Mitigating Debugger-based Attacks to Java Applications with Self-debugging

Author:

Pizzolotto Davide1ORCID,Berlato Stefano2ORCID,Ceccato Mariano3ORCID

Affiliation:

1. Osaka University, Osaka, Japan

2. DIBRIS, University of Genoa, Genoa, Italy and Center for Cybersecurity, Fondazione Bruno Kessler, Trento, Italy

3. University of Verona, Verona, Italy

Abstract

Java bytecode is a quite high-level language and, as such, it is fairly easy to analyze and decompile with malicious intents, e.g., to tamper with code and skip license checks. Code obfuscation was a first attempt to mitigate malicious reverse-engineering based on static analysis. However, obfuscated code can still be dynamically analyzed with standard debuggers to perform step-wise execution and to inspect (or change) memory content at important execution points, e.g., to alter the verdict of license validity checks.

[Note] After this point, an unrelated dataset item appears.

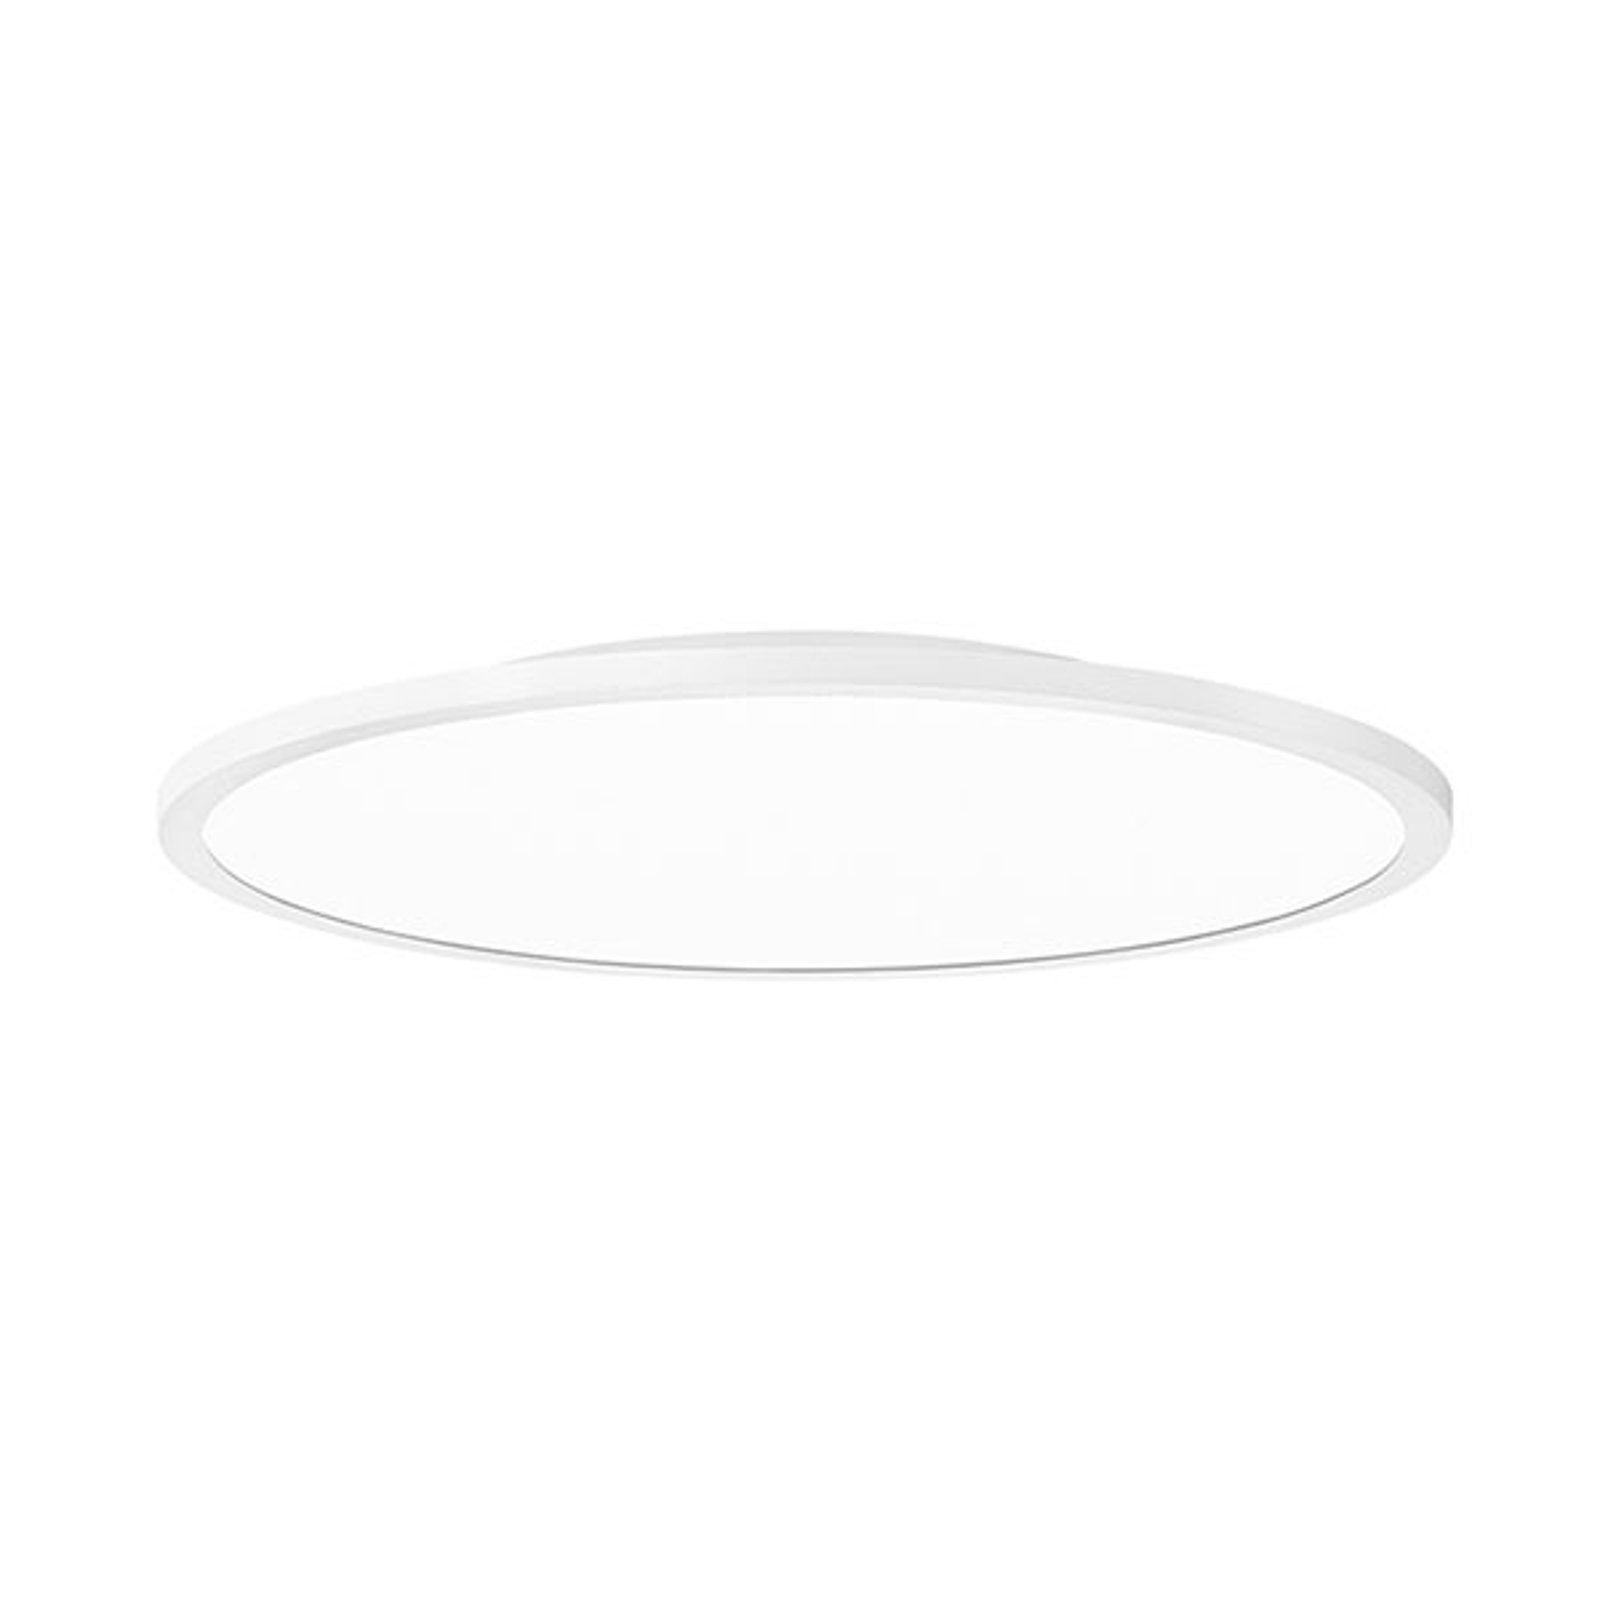 Lampa sufitowa LED FL555AB Ø55 DALI 6500lm 4000K

Although some approaches have been proposed to mitigate debugger-based attacks, they are only applicable to binary compiled code and none address the challenge of protecting Java bytecode. In this article, we propose a novel approach to protect Java bytecode from malicious debugging. Our approach is based on automated program transformation to manipulate Java bytecode and split it into two binary processes that debug each other (i.e., a self-debugging solution). In fact, when the debugging interface is already engaged, an additional malicious debugger cannot attach. To be resilient against typical attacks, our approach adopts a series of technical solutions, e.g., an encoded channel is shared by the two processes to avoid leaking information, an authentication protocol is established to avoid Man-in-the-middle attacks, and the computation is spread between the two processes to prevent the attacker to replace or terminate either of them. We test our solution on 18 real-world Java applications, showing that our approach can effectively block the most common debugging tasks (either with the Java debugger or the GNU debugger) while preserving the functional correctness of the protected programs. While the final decision on when to activate this protection is still up to the developers, the observed performance overhead was acceptable for common desktop application domains.